Blood is an essential and dispersed fluid that distributes oxygen, nutrients, and energy to body cells while also removing waste and carbon dioxide [1]. WBCs, commonly referred as leukocytes or immunity cells, play an important function in the human immune system. They are produced in the bone marrow and circulate in the bloodstream. Therefore, they assist in the protection from diseases like leukemia, COVID-19 (coronavirus disease 2019), and other infections. Among these, leukemia is a form of blood cancer that is diagnosed by pathologists and is characterized by an abnormal proliferation of WBCs in the bone marrow. The American Cancer Society claims that leukemia is one of the most hazardous illness, with an estimated 61,780 cases and 22,840 fatalities in 2019 (accessed on 1 March 2021) [2]. The difference between normal and leukemic cells can be seen in Fig. 1. Global Cancer Observatory [3] shows approximately 474,519 cases were reported in 2020, with 311,594 deaths recorded in the United States (US). Within the same calendar year, in India leukemia cases observed were 48,419 making it the seventh most common form of cancer in the country [4].

Fig. 1

Difference between normal (a) and leukemic cells (b)

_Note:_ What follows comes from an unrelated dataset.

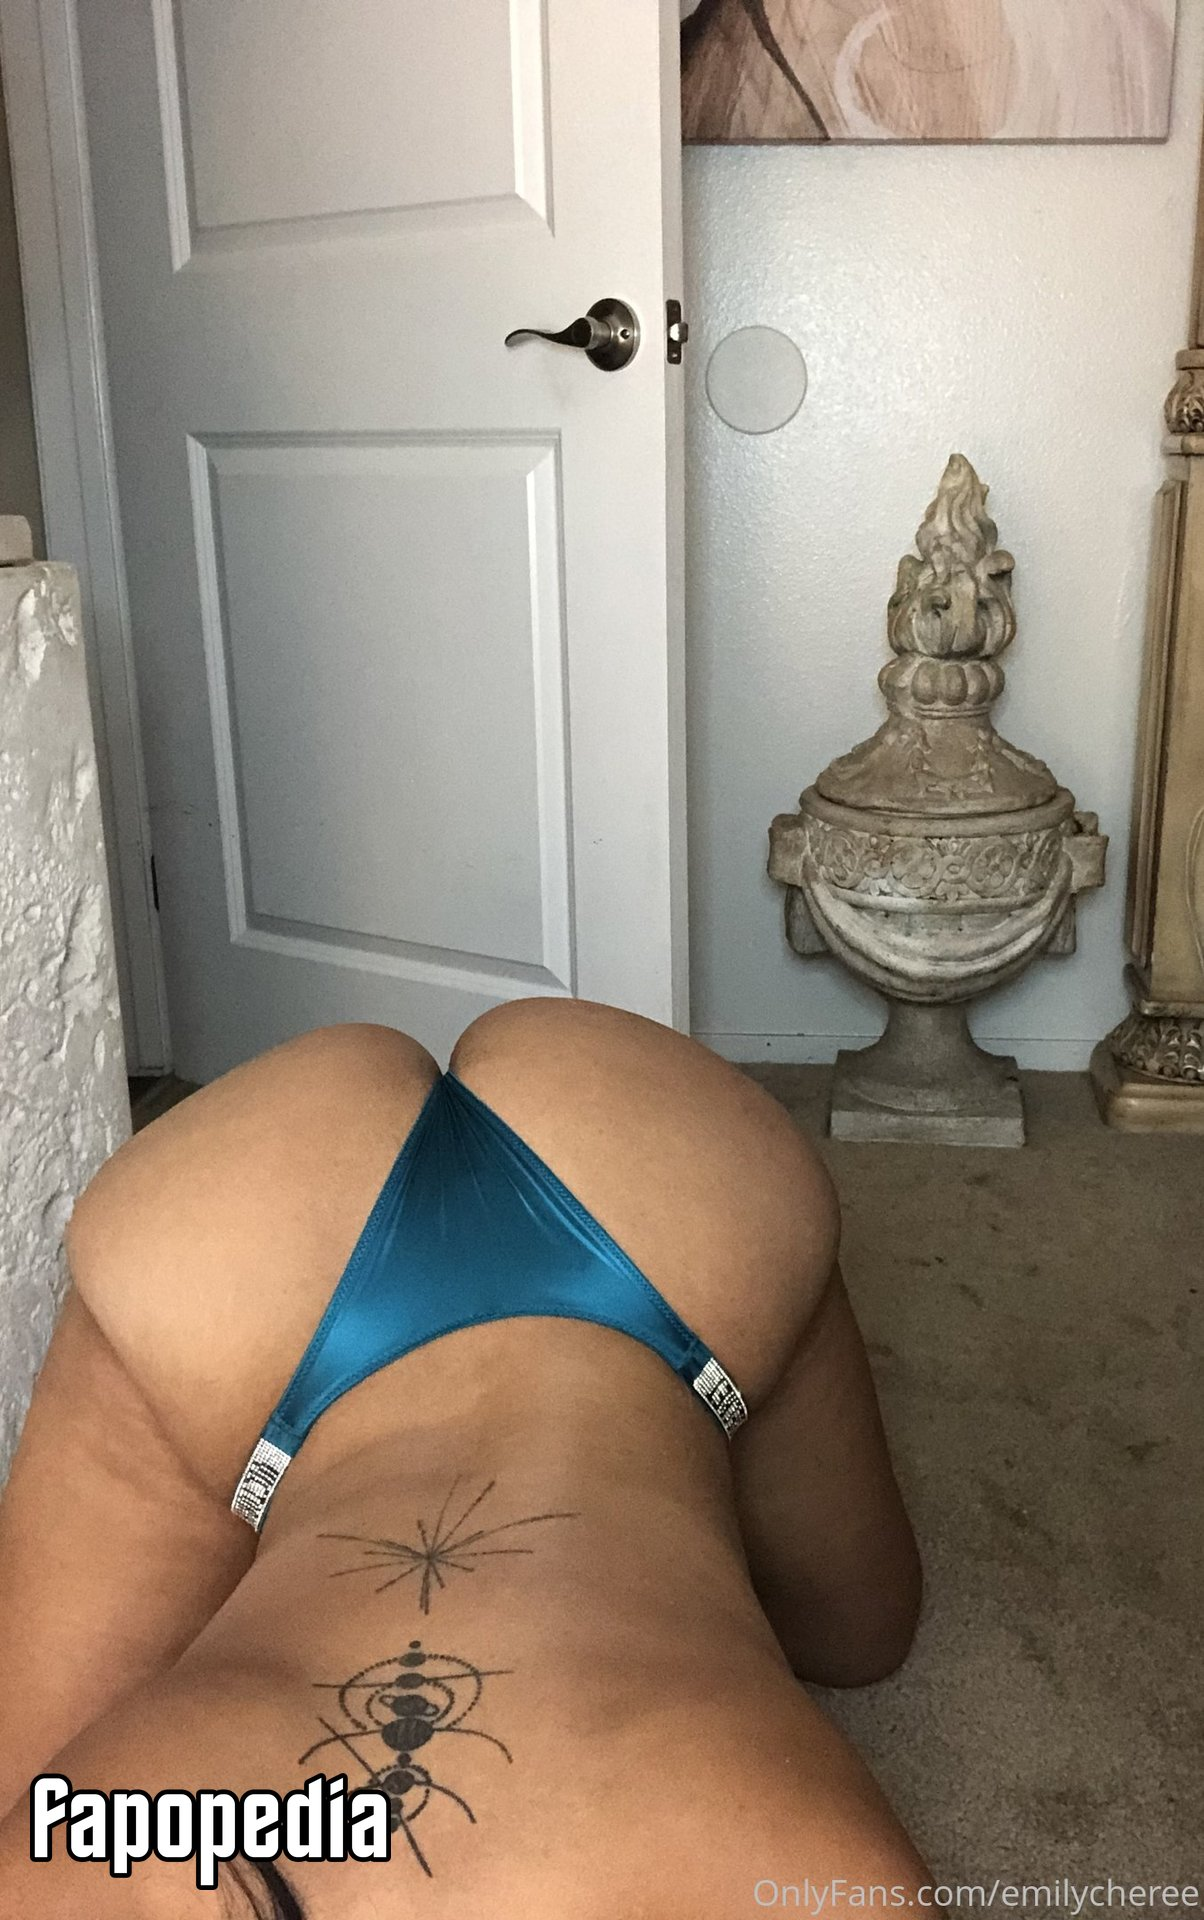 Emily Cheree Nude OnlyFans Leaks Patreon Leaks

For many years, pathologists have relied on microscopic examination of PBS to diagnose hematological diseases [5]. Counting leukocytes under a microscope is a perplexing and painstaking task and is heavily reliant on the pathologist’s abilities. To reduce subjectivity and burden, we can rely on cell morphology analysis with the help of an automated system. The following are the suggested method’s primary contributions in comparison to state of the art:

1. 1.

   Many authors evaluate their segmentation performance approach on datasets that are private. The suggested technique has been validated using currently available datasets. We used microscopic blood smear images from ALL-IDB1, cellavision, and LISC datasets.

2. 2.

   We proposed a robust combination of color thresholding, marker-based watershed segmentation, and localization of leukocytes.

3. 3.

   Peak local maxima are used to locate leukocytes, and windows are produced on the mask image. After detecting the location of multiple leukocytes, they can be further cropped using the bounding box technique and can be used for future work.

4. 4.

   Comparative analysis is performed using three different color spaces like HSV, YCbCr, and HLS for the segmentation of blast cells to find their performance on datasets.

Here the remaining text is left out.